TOKENIZING GB2312 BYTE PAIRS



Tokenizing GB2312 pairs: 100%|██████████| 6768/6768 [00:00<00:00, 20989.76it/s]


✓ Tokenization complete
  Byte pairs processed: 6,763 / 6,768
  Failed pairs: 5
  Total tokens produced: 6,885
  Unique tokens: 6,789
  Tokens per byte pair (avg): 1.02





## Classify Tokens

In [18]:
print(f"\n{'='*70}")
print("CLASSIFYING TOKENS")
print(f"{'='*70}\n")

# Count tokens by category
cluster_count = 0
halo_count = 0
bulk_count = 0

for token_id in all_tokens:
    if token_id in cluster_token_ids:
        cluster_count += 1
    elif token_id in halo_token_ids:
        halo_count += 1
    else:
        bulk_count += 1

total_tokens = len(all_tokens)

if total_tokens == 0:
    print("ERROR: No tokens were produced!")
    print("Cannot compute statistics with zero tokens.")
else:
    print(f"Token distribution from GB2312 byte pairs:")
    print(f"  Cluster tokens: {cluster_count:,} ({100*cluster_count/total_tokens:.2f}%)")
    print(f"  Halo tokens: {halo_count:,} ({100*halo_count/total_tokens:.2f}%)")
    print(f"  Bulk tokens: {bulk_count:,} ({100*bulk_count/total_tokens:.2f}%)")
    print(f"  Total: {total_tokens:,}")


CLASSIFYING TOKENS

Token distribution from GB2312 byte pairs:
  Cluster tokens: 0 (0.00%)
  Halo tokens: 244 (3.54%)
  Bulk tokens: 6,641 (96.46%)
  Total: 6,885


## Compare to Baselines

In [19]:
print(f"\n{'='*70}")
print("COMPARISON TO BASELINES")
print(f"{'='*70}\n")

# Vocabulary proportions (uniform sampling baseline)
vocab_cluster_pct = 100 * len(cluster_token_ids) / vocab_size
vocab_halo_pct = 100 * len(halo_token_ids) / vocab_size
vocab_bulk_pct = 100 * (vocab_size - len(cluster_token_ids) - len(halo_token_ids)) / vocab_size

# Observed proportions from GB2312
obs_cluster_pct = 100 * cluster_count / total_tokens
obs_halo_pct = 100 * halo_count / total_tokens
obs_bulk_pct = 100 * bulk_count / total_tokens

# Enrichment (observed / expected)
cluster_enrichment = obs_cluster_pct / vocab_cluster_pct if vocab_cluster_pct > 0 else 0
halo_enrichment = obs_halo_pct / vocab_halo_pct if vocab_halo_pct > 0 else 0
bulk_enrichment = obs_bulk_pct / vocab_bulk_pct if vocab_bulk_pct > 0 else 0

print("Baseline 1: Vocabulary (uniform sampling):")
print(f"  Cluster: {vocab_cluster_pct:.2f}%")
print(f"  Halo: {vocab_halo_pct:.2f}%")
print(f"  Bulk: {vocab_bulk_pct:.2f}%")

print(f"\nBaseline 2: Random bytes (from 1.10b):")
print(f"  Halo enrichment: {RANDOM_BYTES_HALO_ENRICHMENT:.2f}x")

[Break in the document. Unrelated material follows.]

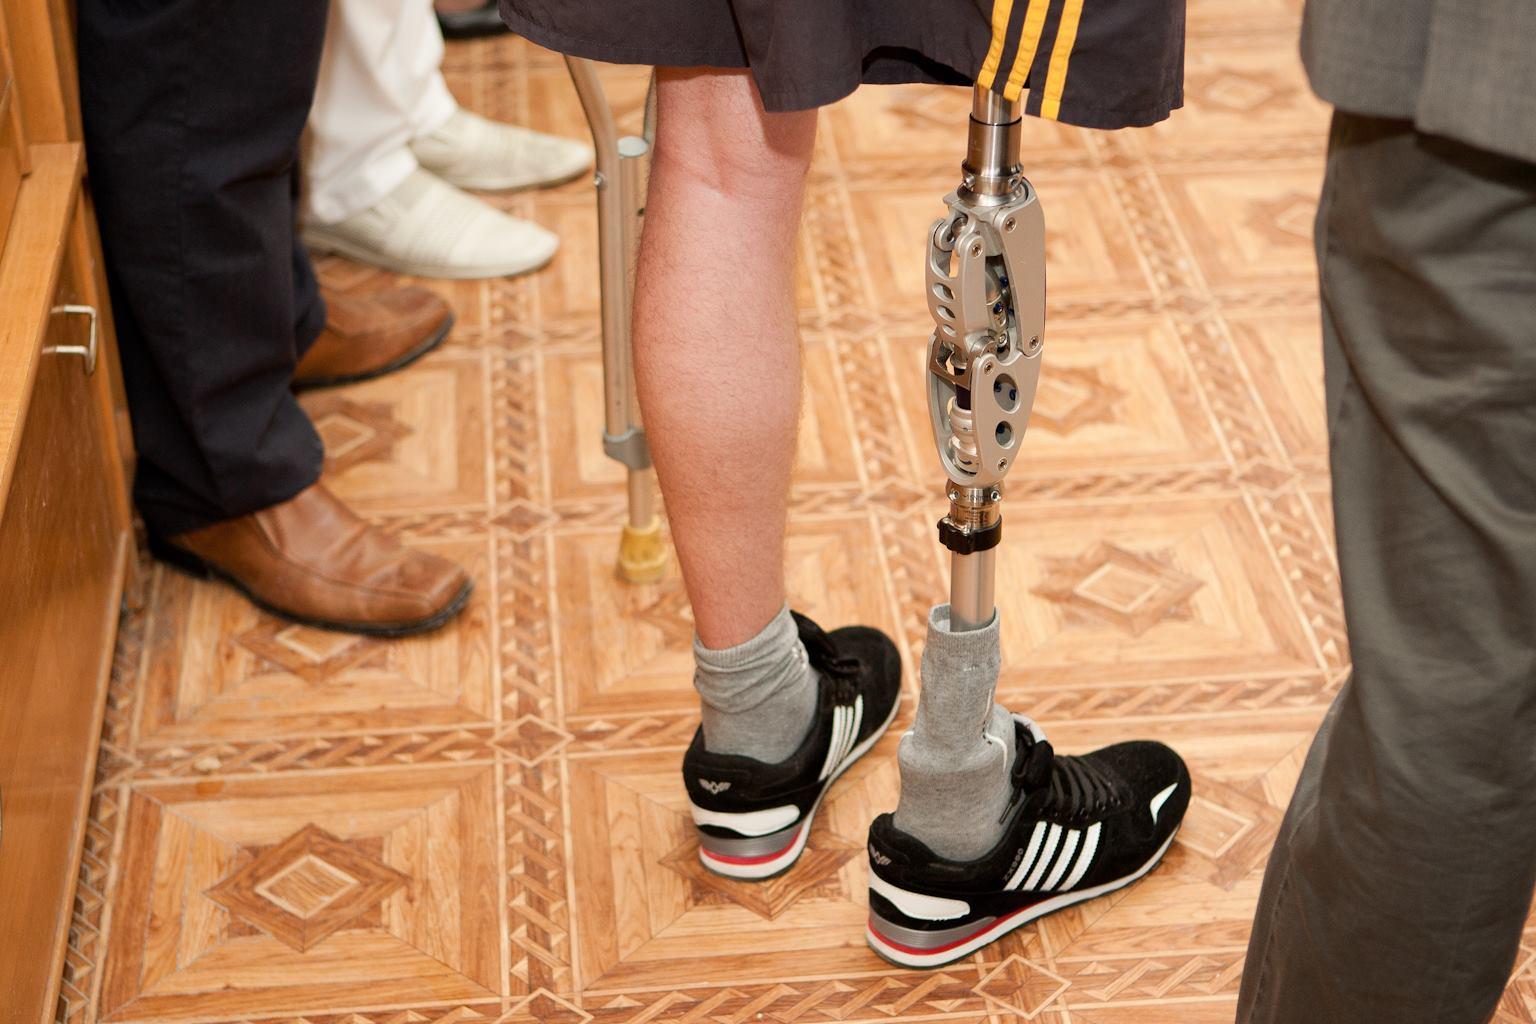 Хлопець втратив руку в решетилівці 5 фотография

print(f"\nObserved (GB2312 byte pairs):")
print(f"  Cluster: {obs_cluster_pct:.2f}%")
print(f"  Halo: {obs_halo_pct:.2f}%")
print(f"  Bulk: {obs_bulk_pct:.2f}%")

print(f"\nEnrichment vs. vocabulary:")
print(f"  Cluster: {cluster_enrichment:.2f}x")
print(f"  Halo: {halo_enrichment:.2f}x", end="")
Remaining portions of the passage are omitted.